POMEROL
From the least comes the most.
Pomerol, at a mere 2,000 acres in vine, is Bordeaux’s smallest red wine district (fewer acres, even, than the smallest of the Médoc appellations, St.-Julien).
But it produces wines more highly sought-after than some of the most famous in all of Bordeaux, and one in particular—Pétrus—that routinely is Bordeaux’s most costly red.
Pomerol’s great seduction is the Merlot grape, planted in about 3/4 of available vineyard land. Cabernet Franc is the second most planted (20-25 percent), while Cabernet Sauvignon—a mainstay across the Gironde in the Médoc—registers a wee 5 percent.
Merlot makes the kind of wine that the world loves: plush, fat, silky of texture, with slap-on-the-back fruit flavors and soft, accessible tannins, and even a smidgeon higher alcohol.
And after a mere 4-5 years after the vintage, Merlot wines also are readier-to-appreciate than Cabernet Sauvignon-based reds (even though in fact Merlot may cellar as long or longer).
The center of the plateau de Pomerol and its nub of clay-based soil makes for Pomerol’s most glamorous wine, Pétrus (superciliously, the word “Château” appears in administrative documents only). In most years, Pétrus is 100 percent Merlot, one of the only wines in Pomerol woven that way.
Dogged by high prices—a ridiculous $4,000-$6,000 a bottle for either Pétrus or Le Pin 2020; a merely larcenous $300 for L’Evangile 2022—Pomerol reds will seem out of reach for most wine buyers.
Nonetheless, some good value Pomerols come from the western section of the appellation on less clay-heavy, sandier soils.
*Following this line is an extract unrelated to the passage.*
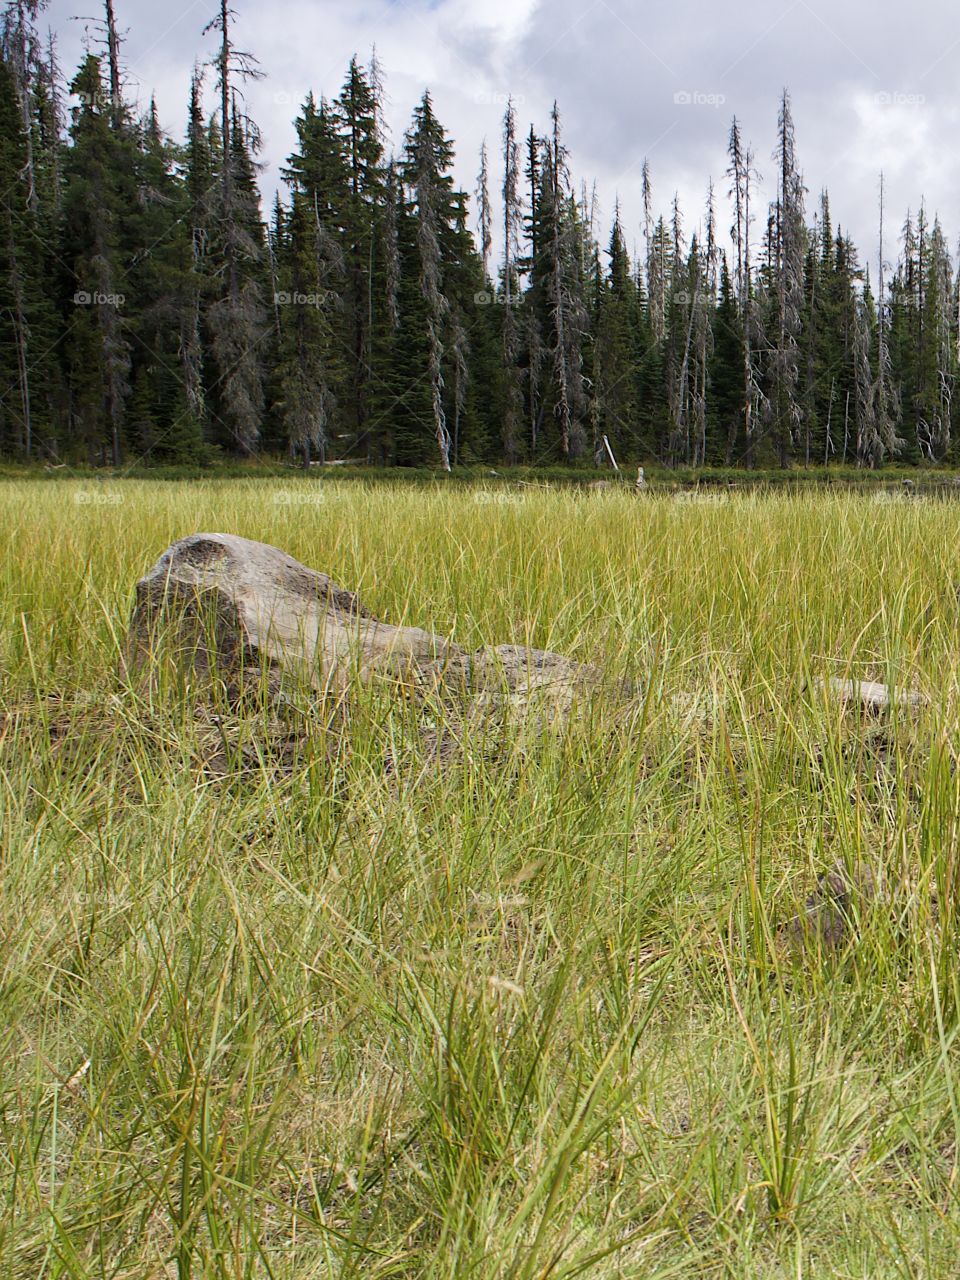 The grassy shoreline of Scott Lake in the mountain forests of Oregon on a summer day.

In good vintages, $30-$45 a bottle for Domaine de L’Eglise, Clos René or de Sales isn’t too bad.
Visiting Pomerol
You begin any tour of Pomerol winemaking in Libourne, a town of (now) 25,000 founded in the 13th century by Henry III of England and designed as a port of export for the wines of Pomerol, St.-Emilion and Entre-Deux-Mers. (Because the English shipped wines directly from here, bypassing Bordeaux, it was a long time before anyone in the Médoc or Graves actually tasted a Pomerol wine.)
Much of old Libourne remains and, in any case, the town is a beautiful example of preservation and well worth some stopping-off time. Of particular interest to wine folk is the business center of the wine trade, Quai Prieurat, much as it was when built centuries ago.
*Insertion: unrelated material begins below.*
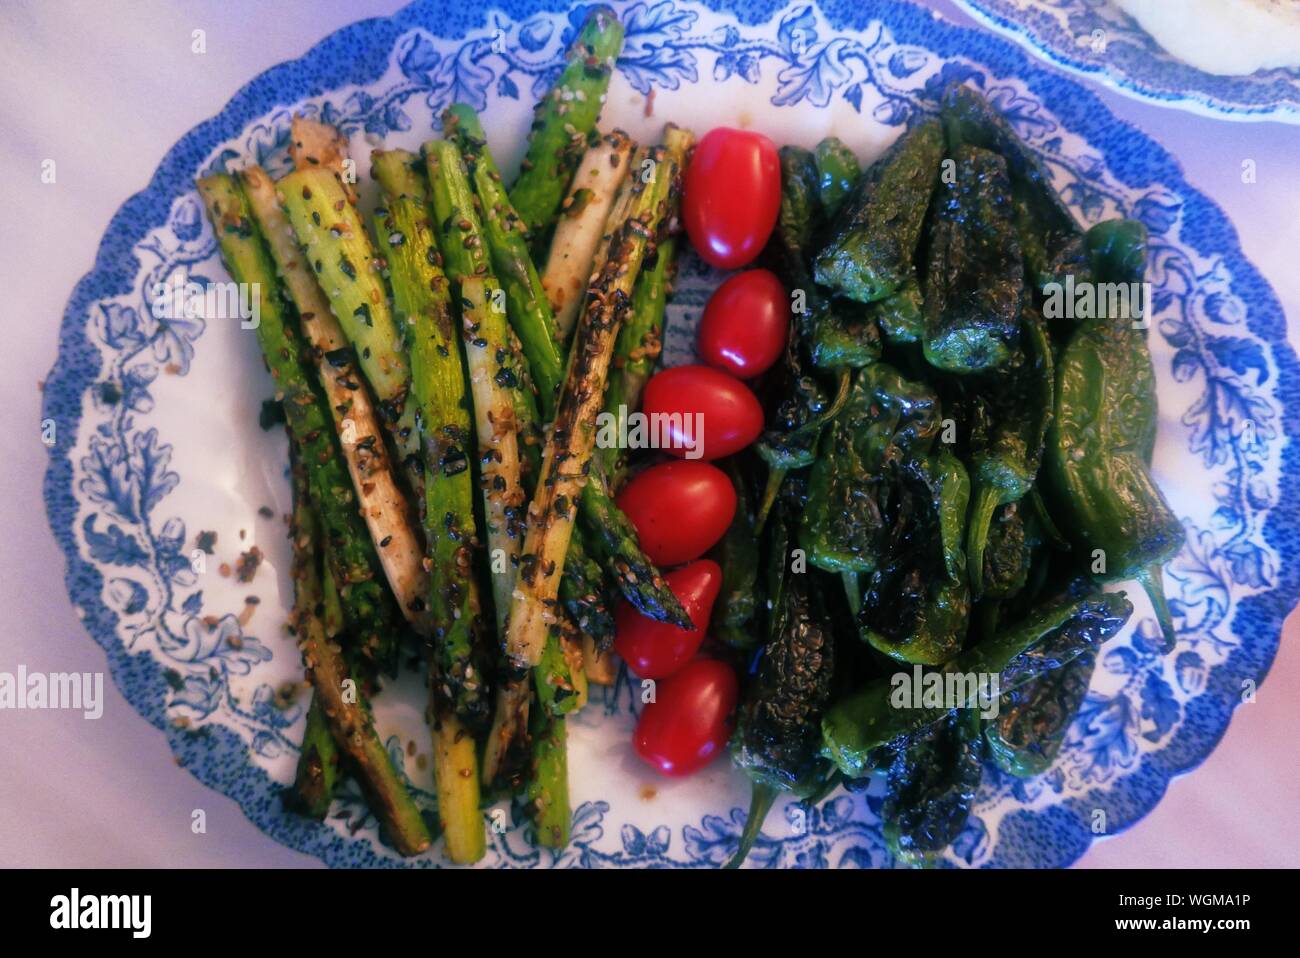 Close-up Of Grilled Asparagus With Cherry Tomato And Green Chili Pepper In Plate Stock Photo

The vineyards of Pomerol fan out from Libourne into the Bordeaux area’s smallest appellation. They and their manor houses—“châteaux” is a grandiose term for the generally simple estates of Pomerol—are therefore concentrated and easily viewed from along the Pomerol roadways.
If you wish to see Pétrus, look for it at the top of a plateau near the center of Pomerol off road D121. The “château” looks like a clumpy warehouse with a tower. No matter. It makes the most expensive Bordeaux red in existence.